帰宅後、俺はエルドさんの所へと行き、レインも一緒に勉強会に参加して良いか聞いた。
「ふむ、その子もアリスの友達候補という事か?」
「そうですね。クラスの人達の中でリサが一番アリスと距離が近く、その次がレインですね」
「そうか、ならその子も一緒に勉強会に参加させても良いぞ。アリスには男女関係なく交友関係を広めて欲しいからな、そうしないといずれ商会を継ぐとなった時に大変になるからな」
「そうですね。学生の内に少しでも慣れておけば、大人になった時の苦労は減ると思いますしね」
そうしてレインの参加も無事に降り、俺とレインとリサを寮へと案内した。
「ルクリア商会って昔から知ってたけど、こんなに敷地が広かったんだ……」
「うん。俺も最初の頃は驚いてたけど、流石に今はもう慣れたよ」
「お父さん達、私が先にルクリア商会の建物の中に入ったって言ったら、凄く驚くだろうな~」
リサのその言葉に「リサの両親は、ルクリア商会とは別の商会と取引してるの?」と聞いた。

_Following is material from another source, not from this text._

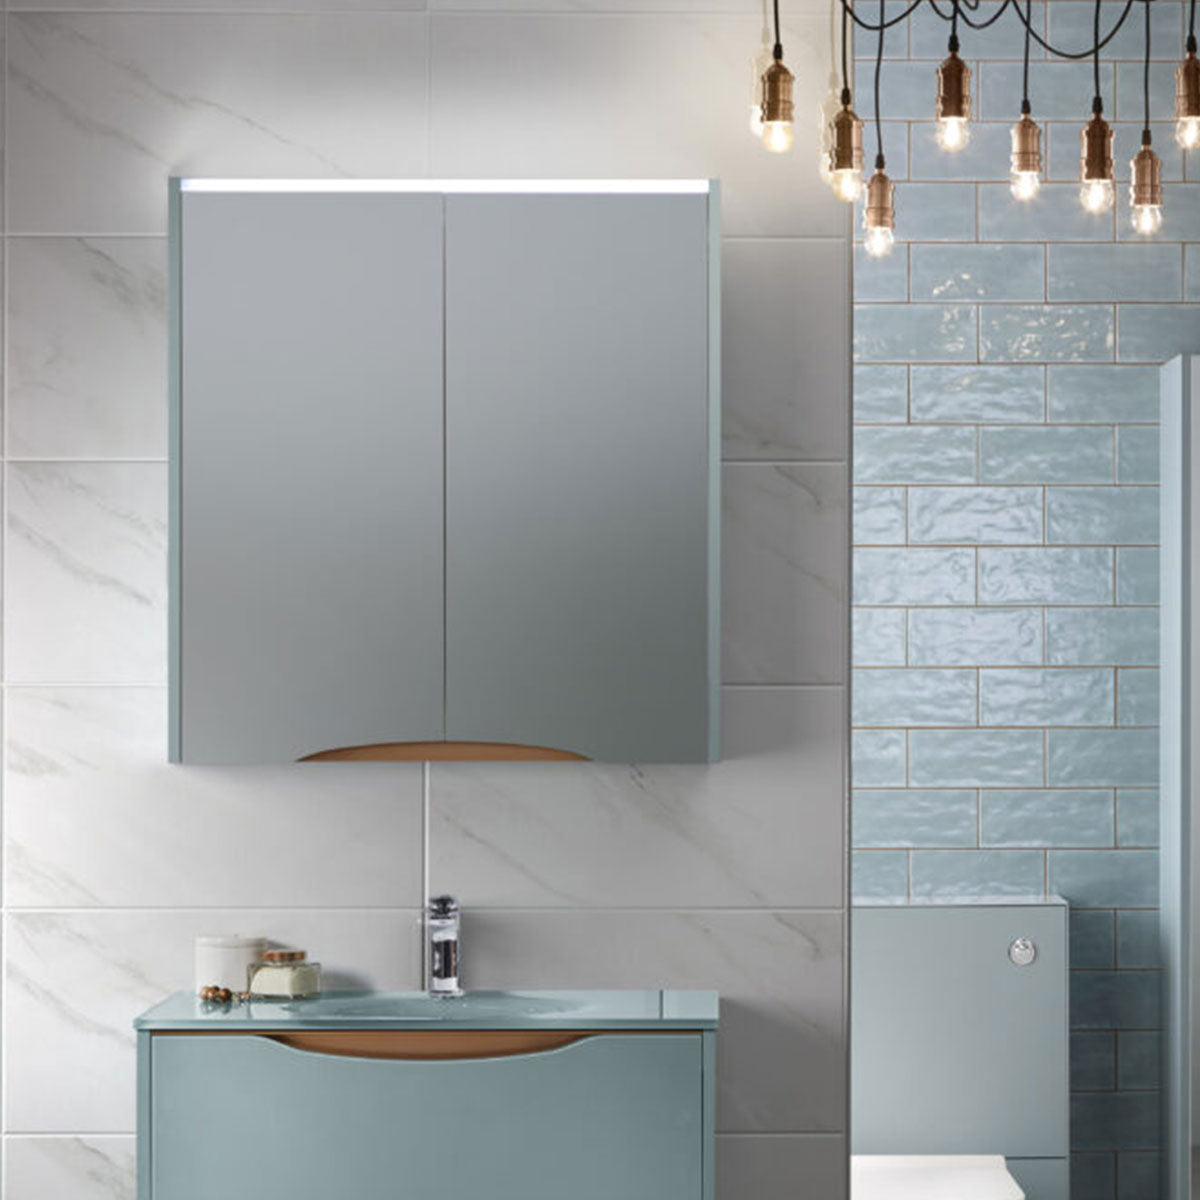 Utopia Lustre Bathroom Mirror Cabinet Wall Hung With LED Illumination and Shaver Socket

「うん。今は別の商会と取引してるみたいだけど、いつかはルクリア商会と取引するのが夢だって言ってるよ。私達職人からしたら、ルクリア商会って憧れの商会だからね。ルクリア商会に認められたら、一人前だっていう職人もいるくらいだよ」
「そうなんだ。って事は、リサもいつかはルクリア商会と取引したいって思ってるの?」
「勿論。一人の職人として、やっぱりルクリア商会に認めて貰いたいからね」
そうリサは自分の夢を語り、俺達は勉強会を始めた。
まず最初に、各自の得意な科目と苦手な科目を言い合うと、アリス達は揃って〝得意・歴史/苦手・算術、魔法学、商売術〟となった。
「歴史は皆やっぱり得意なんだね」
「歴史って小さい頃から読み聞かせとかで聞いてるから、それで多分得意なんだと思う。誰々が活躍したとか、皆結構覚えてるからね」
「まあ、確かに小さい頃ってそういう本で色々と覚えたりするもんね。逆に算術とかは、大人になっても出来ない人が多い位には難しいからね」
「ある程度は出来るけど、やっぱり苦手かな~」
そうしてアリス達は一番苦手なのは、全員揃って〝算術〟という事も分かった。
その他の教科は、それぞれ得意不得意が分かれていた。
「それじゃ、取り合えず今日の所は〝算術〟を徹底的にやろっか。少しでも理解できるようになった方が、試験に役立つと思うからね」
そう俺は言って、早速算術をアリス達に教え始めた。